I do gilding, historic tile repair, and repairing of old wall and ceiling ornament in downtown DC, and historic trimwork (lots of salvage here). I'm working in a condo building lobby in DC, finishing a paint job and restoring its look back to 1916. I knew enough to know I couldn't plaster up and patch over access to live junction boxes and told them they've got to keep the plates.

Now, the lobby "design team" wants me to install fabric panels (raised, set in decorative panel molding, triptych style, for noise abatement and decoration) on these same walls. I can design the panel such that it can "lift out" of its frame on the wall. In my mind this is still knowingly blocking access to these junction boxes which tie into common areas in all the hallways up above. Once I put these panels up, I'm sure everyone will forget about access to the wiring.

Should I proceed? Turn a blind eye? I told them they should pull the wiring out to the backside of the wall (access from a stairwell), but their electrician said he wouldn't do it. I'm pretty sure its because its a big job and he was told there was some piddly budget. I don't run into too many code issues.

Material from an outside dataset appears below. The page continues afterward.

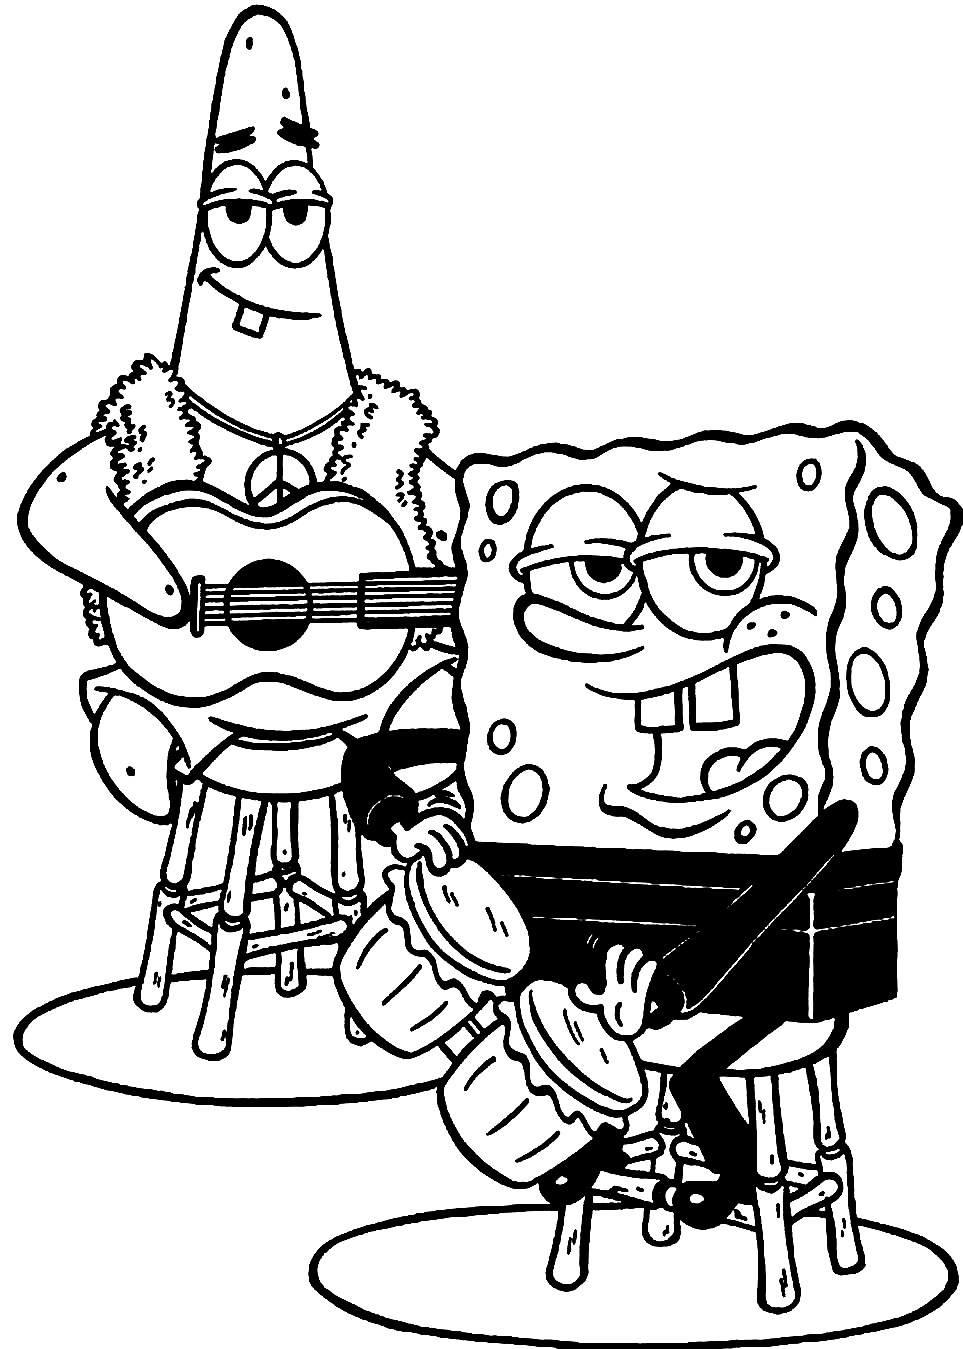 Patrick en Spongebob 1 van Spongebob
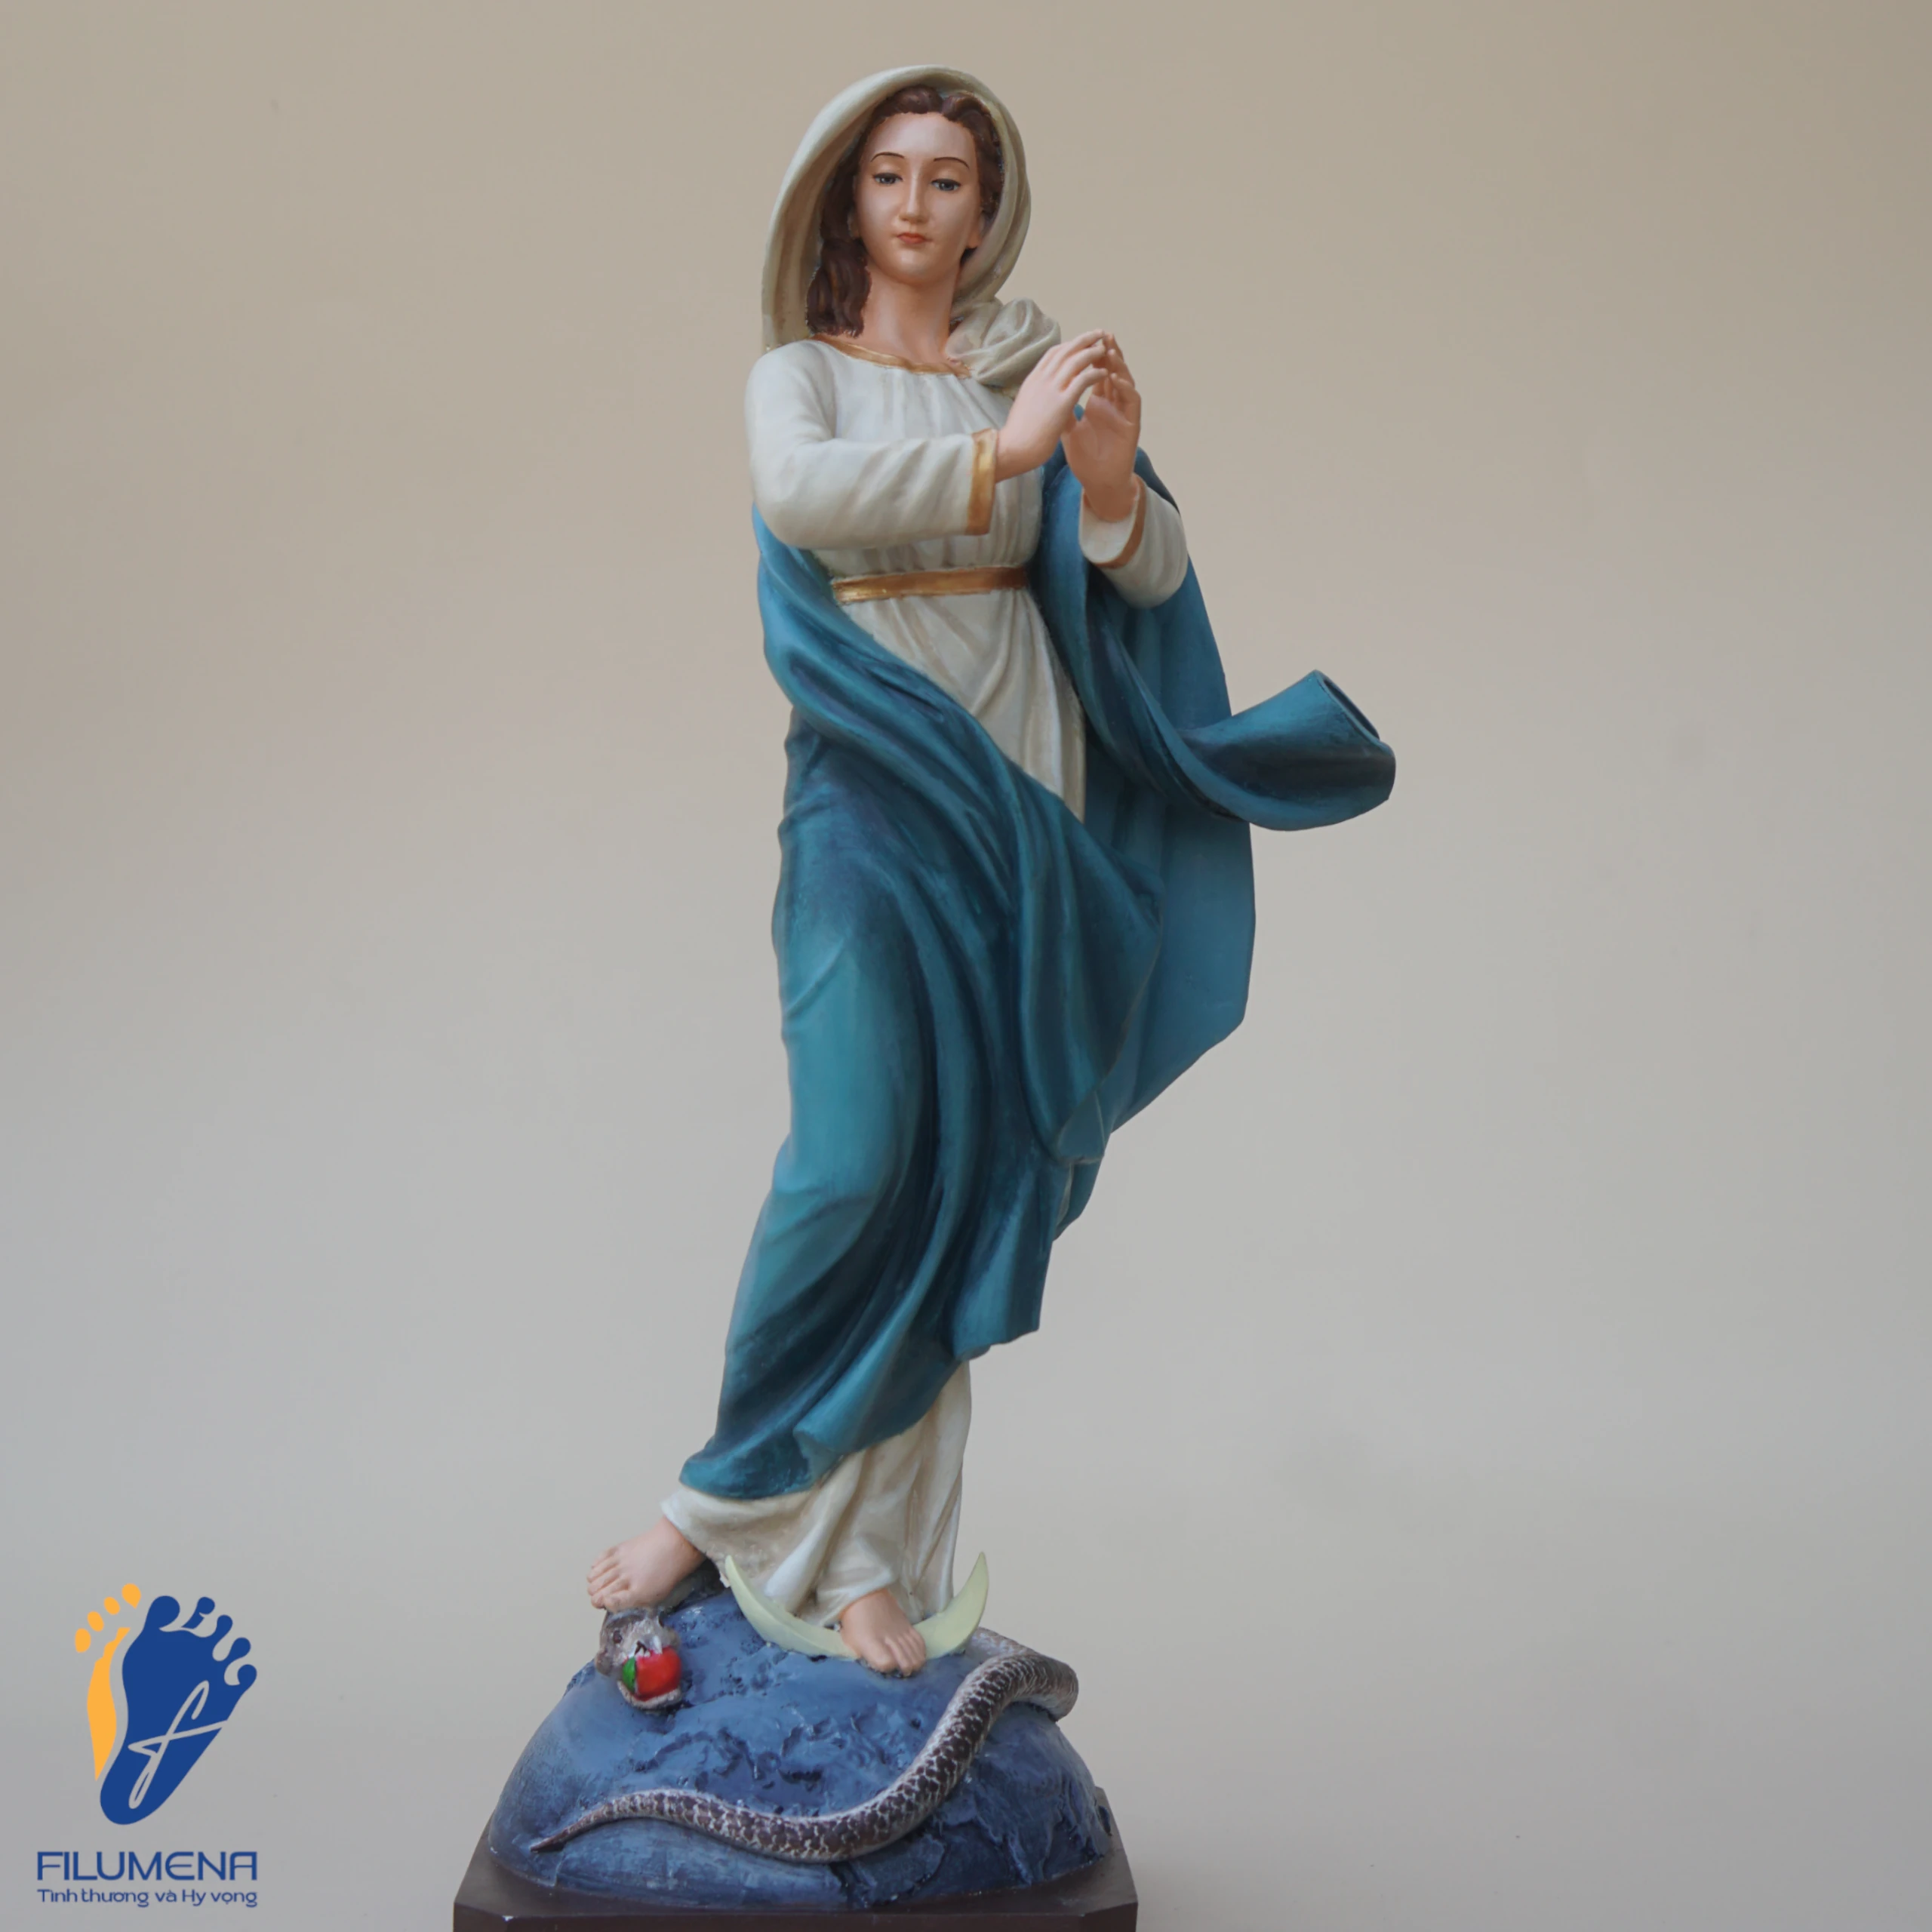 Tượng Đức Mẹ Vô Nhiễm Nguyên Tội màu xanh nước biển (sáng tác bởi Filumena)

Hope you experts don't laugh at my first post! Guidance please.
Cheryl


----------



## Tom R (Jun 1, 2004)

Wait for md for the 'real' answer, - - but it doesn't sound legal by code at all, - - any problems down the road you get the blame.

P.S. Sounds to me like you told them right.


----------



## mdshunk (Mar 13, 2005)

There are a few codes to deal with here, but I'm sure that you can do what they wish in a compliant manner. The code section states:

314.29 Boxes, Conduit Bodies, and Handhole Enclosures
to Be Accessible. Boxes, conduit bodies, and handhole
enclosures shall be installed so that the wiring contained
in them can be rendered accessible without removing
any part of the building or, in underground circuits, without
excavating sidewalks, paving, earth, or other substance that
is to be used to establish the finished grade.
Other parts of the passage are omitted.